Several brotherhood offices have been torched around the country since Wednesday as tensions have risen between Morsi's supporters and opponents in the lead-up to Sunday's rallies, which marked his first anniversary in office.
Security forces Monday arrested several guards of Khairat al-Shater, the deputy leader of the brotherhood, after an exchange of fire near his house, a security source said.
Al-Shater's son, Saad, told Al Arabiya broadcaster that police forces opened fire on their house in Cairo and arrested the driver.
Al-Shater, seen as the most influential man in the brotherhood, was not at home at the time, his son said.
Five ministers have resigned in protest at the government's reaction to the protests. However, Prime Minister Hesham Qandil had not accepted the resignations yet, sources in the cabinet said.

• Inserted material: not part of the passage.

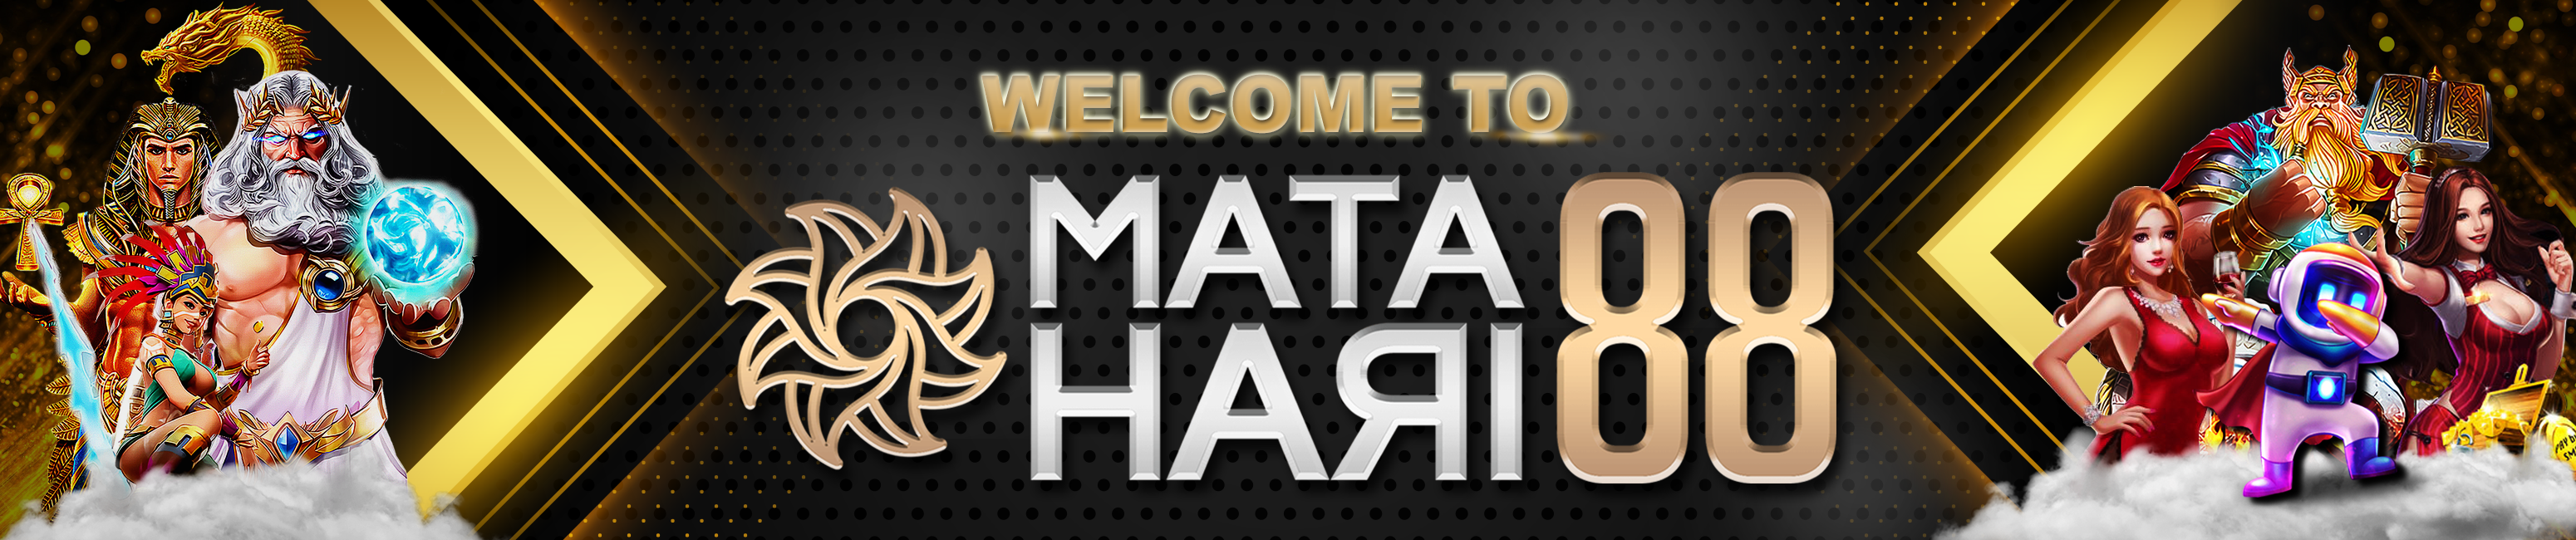 WELCOME TO MATAHARI88

Members of the opposition Tamarod campaign, which called for Sunday's protests, welcomed al-Sissi's statement as support for the protesters but also vowed to continue their sit-in in various squares across the country.

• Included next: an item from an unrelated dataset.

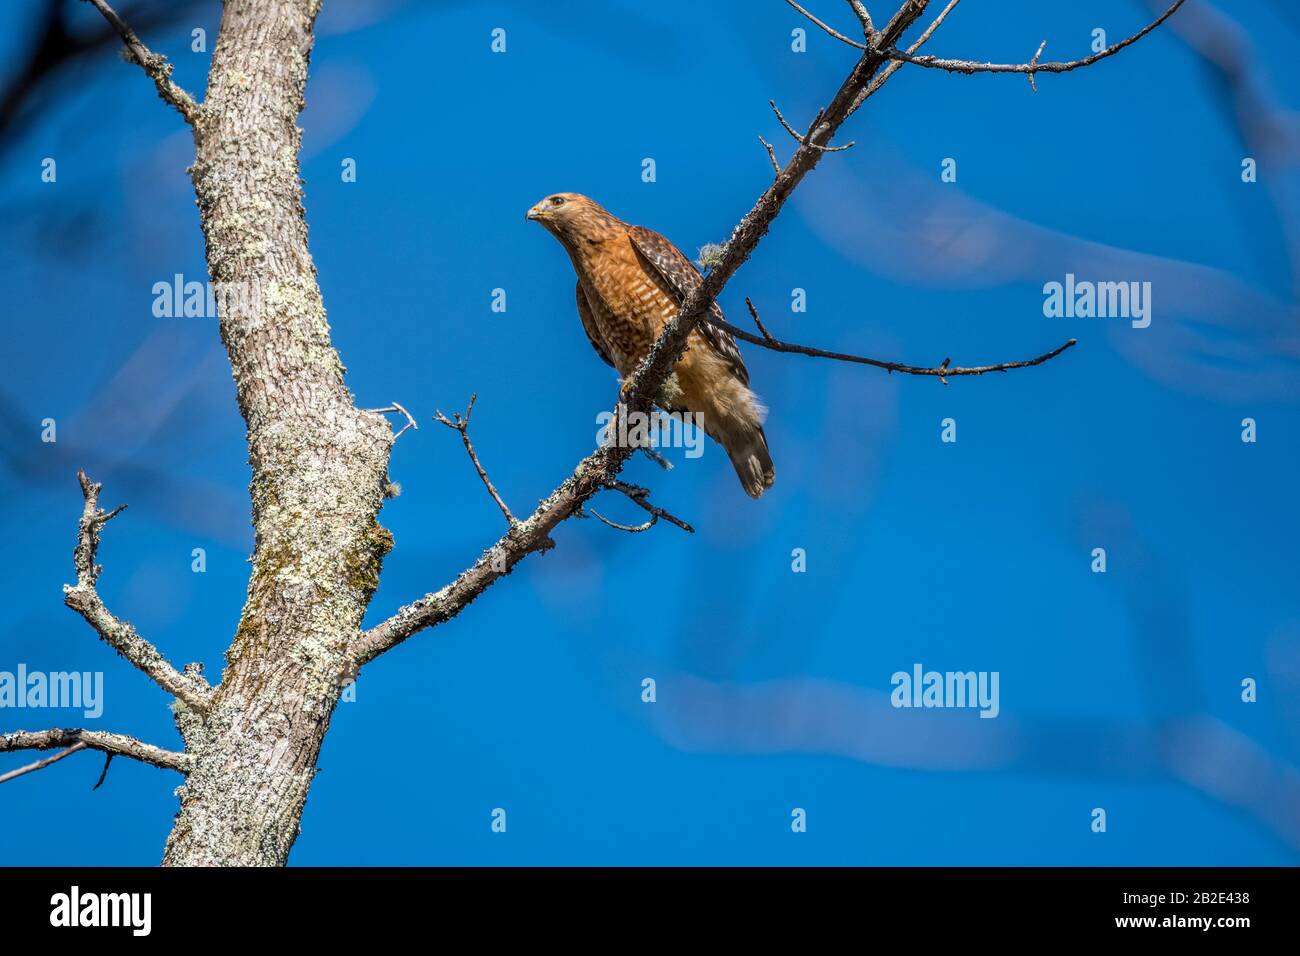 En lo alto de un árbol se encuentra un halcón de Cooper encaramado en una rama en busca de presas con un vibrante cielo azul en el fondo en un día soleado en invierno Foto de stock

They gave Morsi an ultimatum - to resign by Tuesday - and called for more civil disobedience if he stays.
The opposition has charged that Morsi is concerned only with tightening his Muslim Brotherhood's grip on power and has failed to address the country's economic and social problems.
Morsi's allies have said the opposition of seeking to topple him to seize power. His supporters, who staged a sit-in around a mosque in eastern Cairo, have vowed he would complete his four-year term.